Exactly as they appear below, repeat the lines from the one with "Erro de servidor no Aplicativo" through the one with "A. Hanna & Sons Pianos". Drop every picture.

§ **The data**:
- Opening Delimiter -
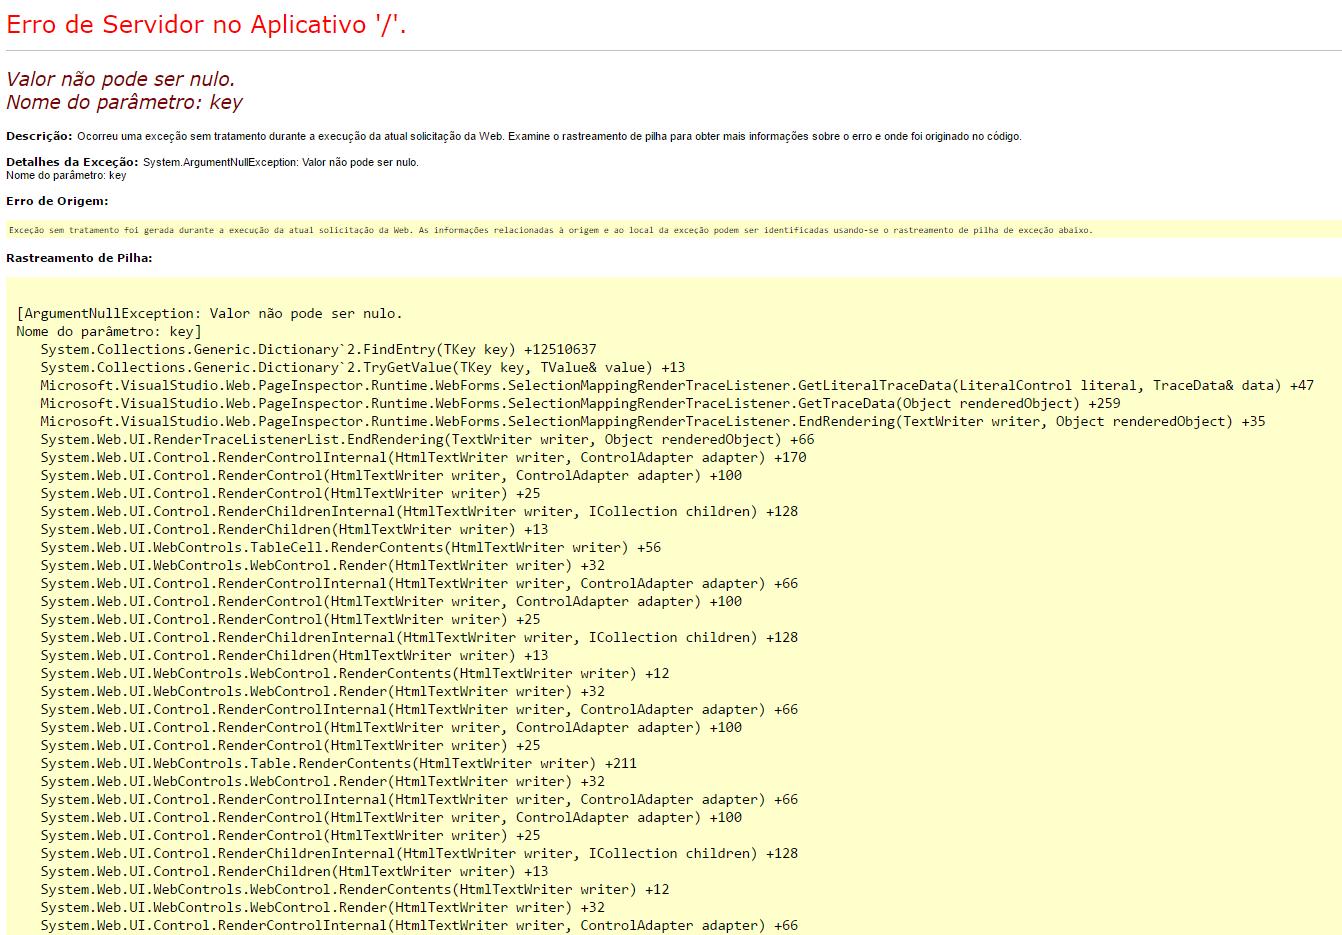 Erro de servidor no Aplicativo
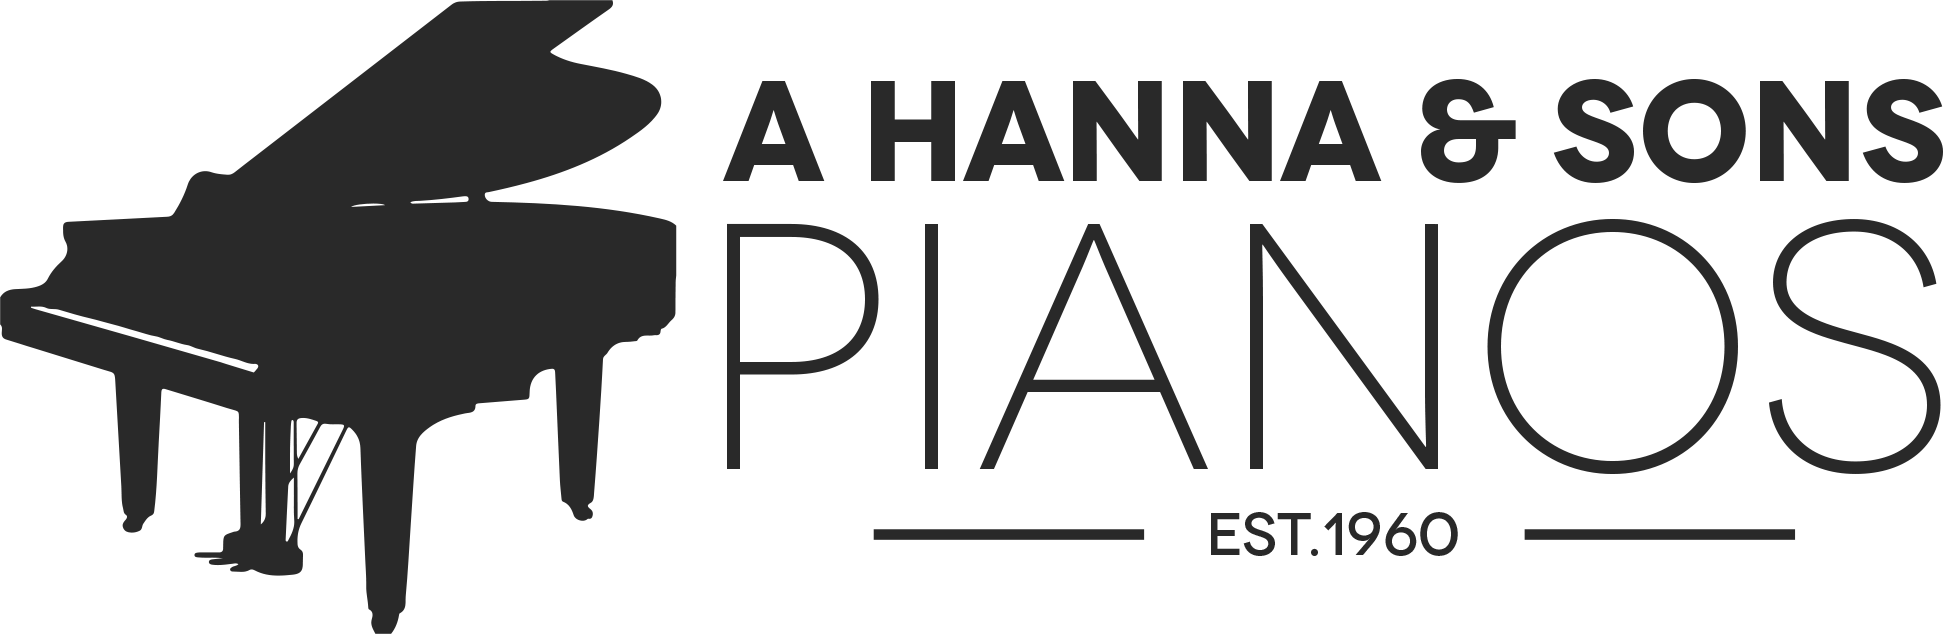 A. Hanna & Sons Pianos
- Closing Delimiter -
- Opening Delimiter -
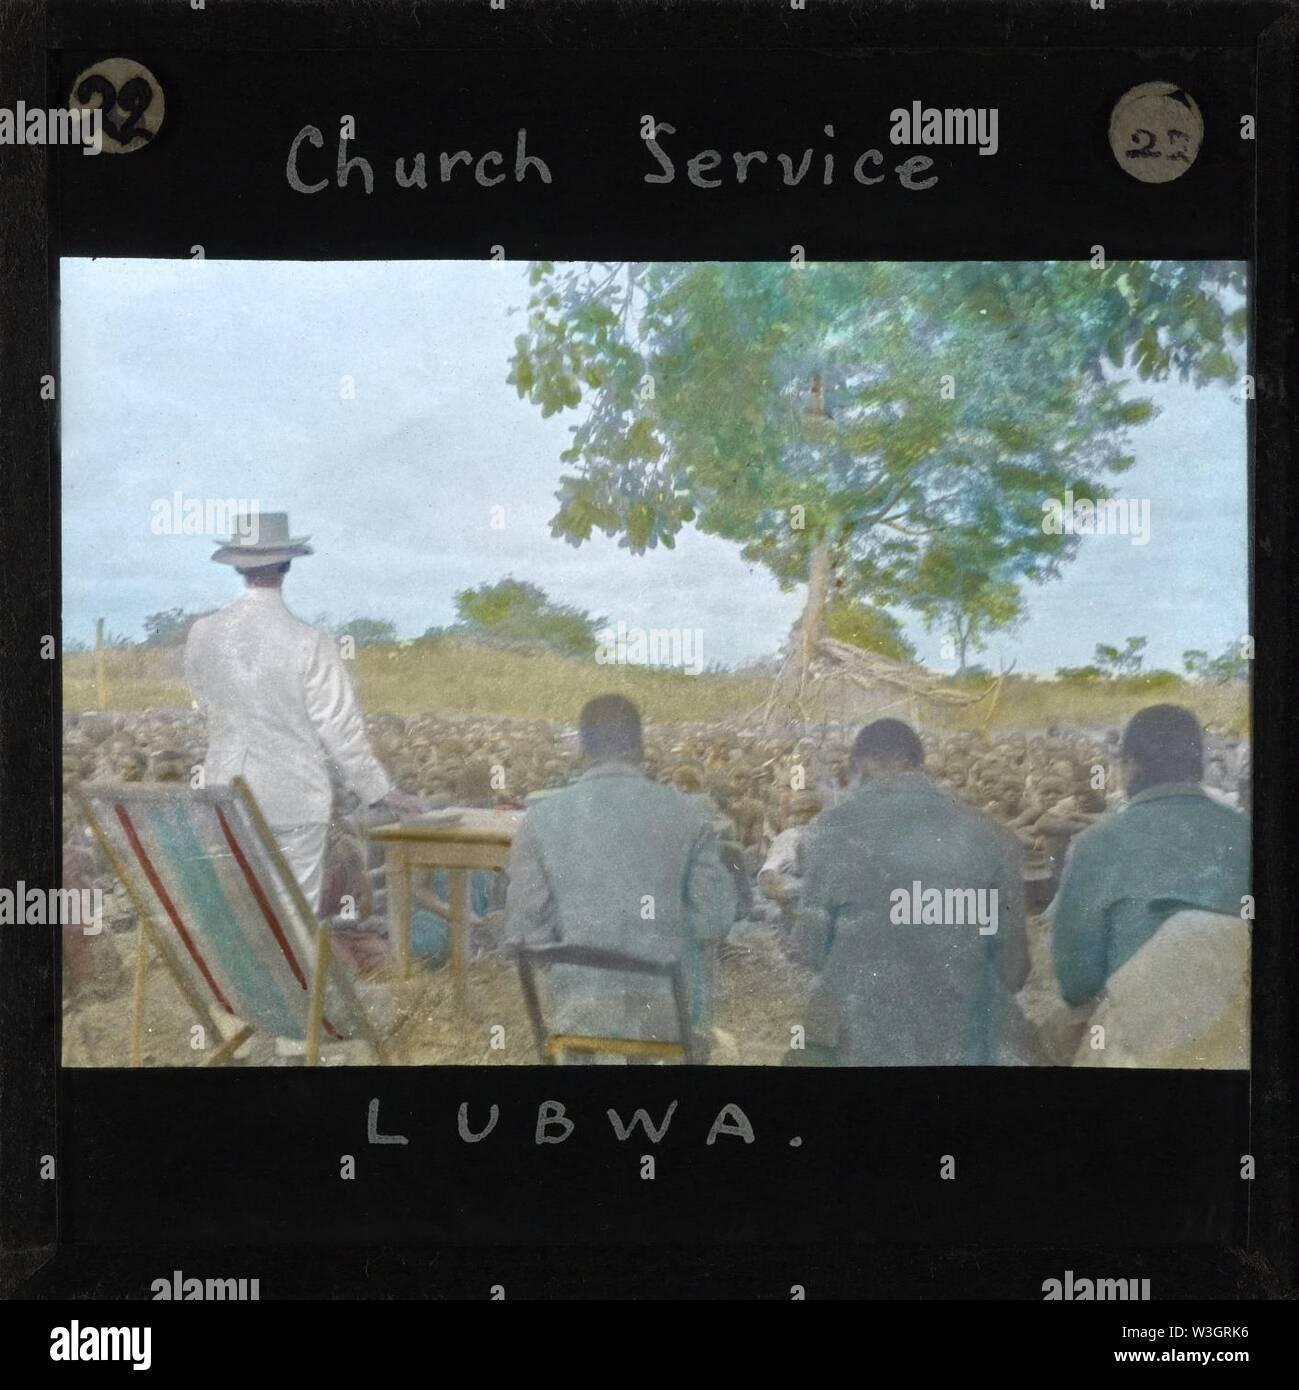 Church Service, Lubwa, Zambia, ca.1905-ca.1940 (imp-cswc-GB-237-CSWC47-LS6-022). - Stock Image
- Closing Delimiter -
§ **Answer to this problem**:
 Erro de servidor no Aplicativo
 A. Hanna & Sons Pianos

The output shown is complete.